# Training for endurance event - 5 days a week? 6? 7?



## multirider (Nov 5, 2007)

Need a little help planning training for the next couple of months. I'm training for a 100 mile race with approx 12,000 feet of climbing on August 13. Will probably take about 9 hours.

I purchased and have been following a training plan that has Mondays off, then intensity and drills Tues-Thursday, Friday is an optional recovery ride, then a 3 hour ride on Saturday, and a LONG ride on Sunday (5-7 hours). 

Several knowledgeable/experienced people with similar goals tell me they have no days off at all. 2 soft/easy days per week, but no days completely off the bike.

I started coaching a Junior team on Wednesdays. I typically demo a skill, walk around and watch the kids work on it, then go for what is for me a very slow, leisurely 30 minute ride at the end. Thus, Wednesdays are very close to off-the-bike days for me. 

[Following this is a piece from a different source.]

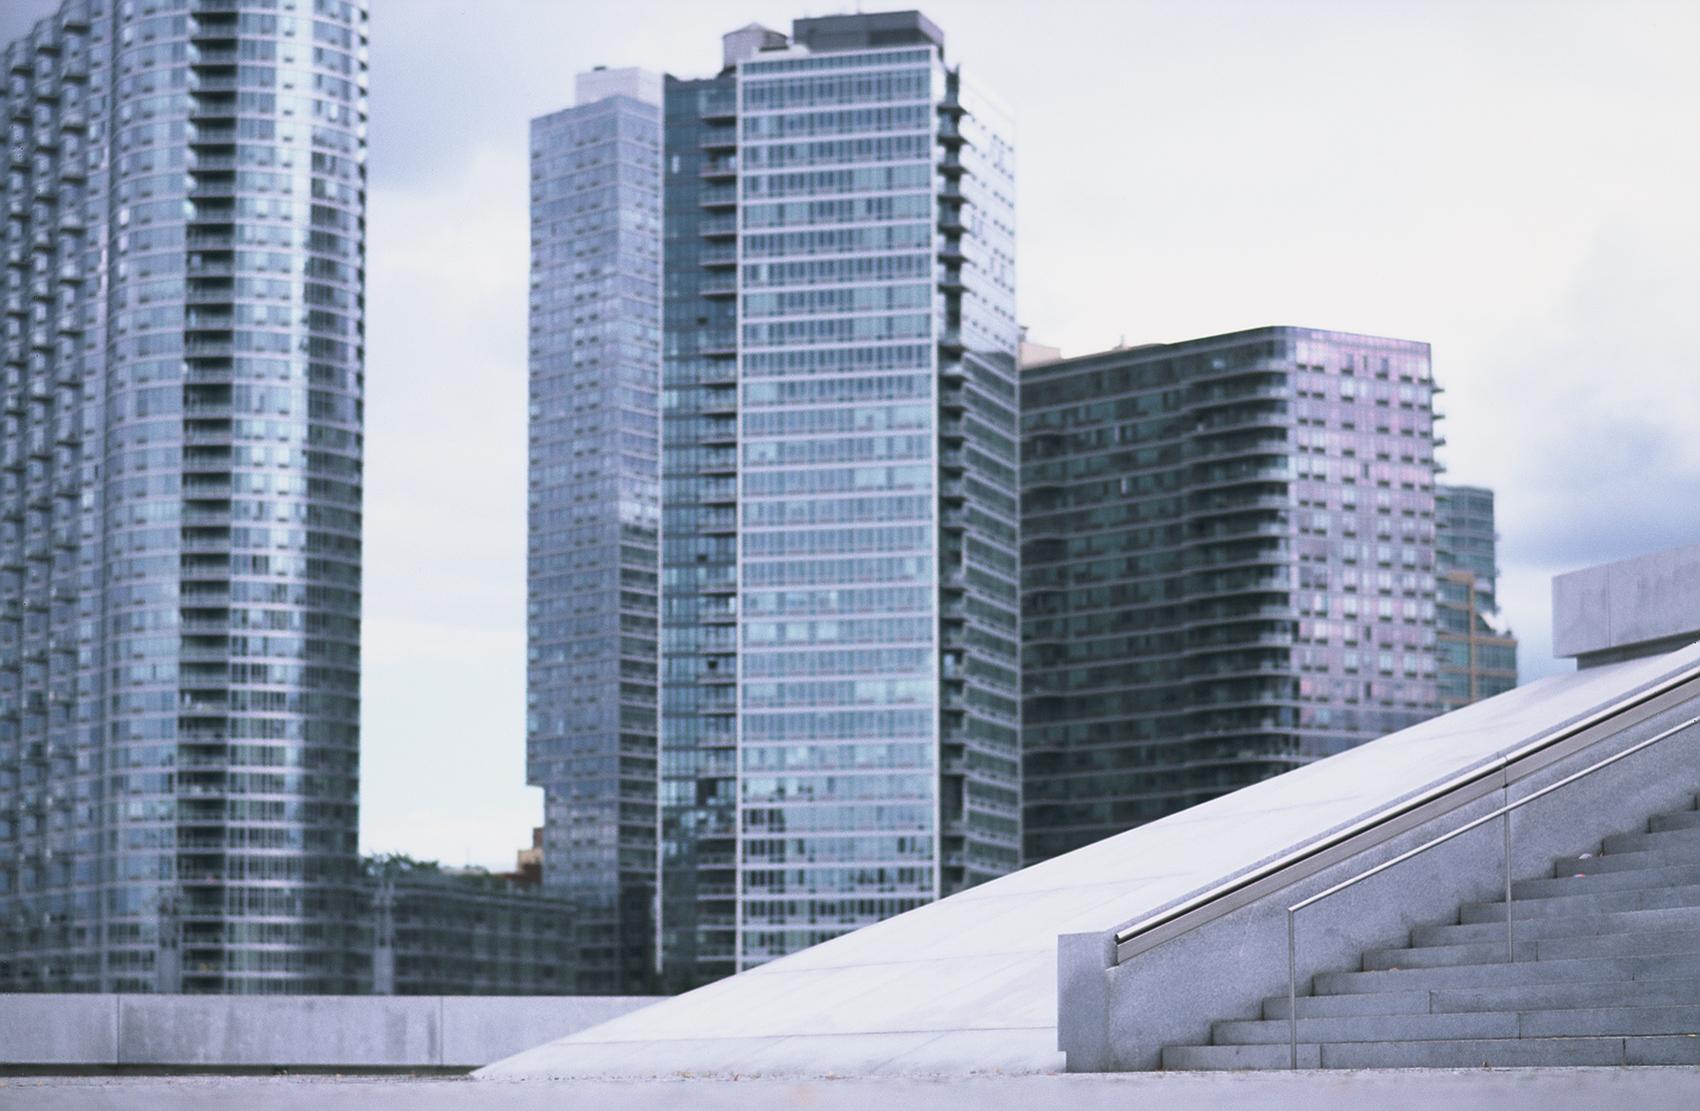 New York, New York, USA   Nikon FM2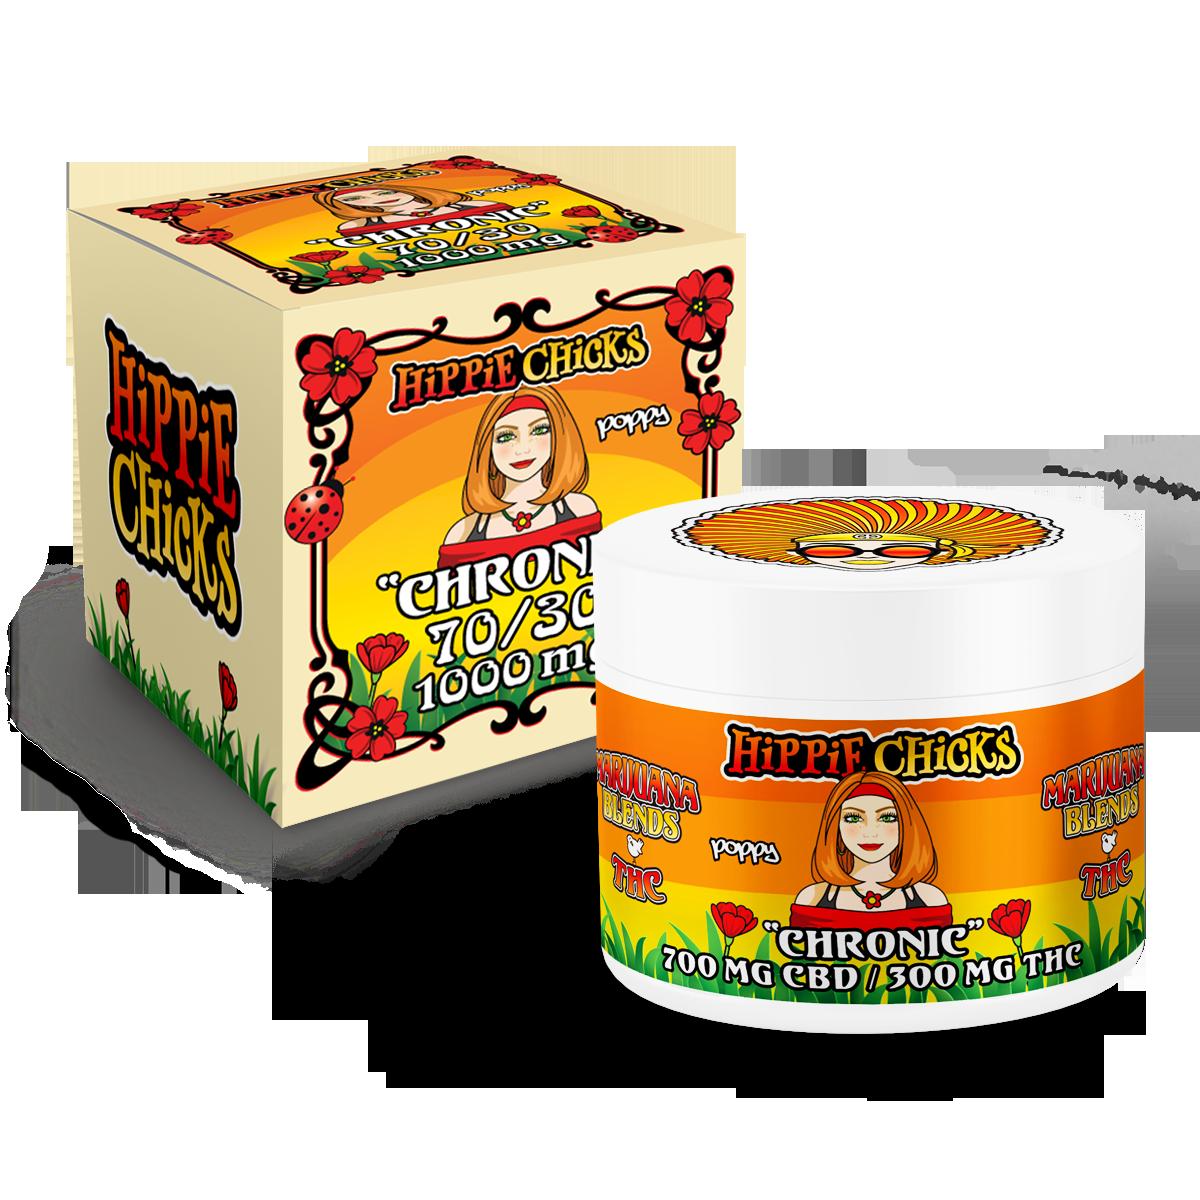 hippie-chicks-pain-relief-cream-1000mg--700mg-CBD-300-mg-THC full spectrum

I take my family to church on Sundays, so I had already switched the 3 hour Saturday ride to Sunday afternoons and do the really long rides on Saturdays. I was taking Mondays off per the plan.

Given the very easy Wednesdays and my goal of a 100 mile, 9 hour race on Aug 13, should I be riding the other 6 days? Not sure how to switch my plan so Wednesday lines up with the old Mondays. Just moving Tuesday to Monday and moving Wednesday results to Tuesday results in doing hard intervals on the day after a 3 hour ride which is the day after a 5-7 hour ride.

Suggestions?


----------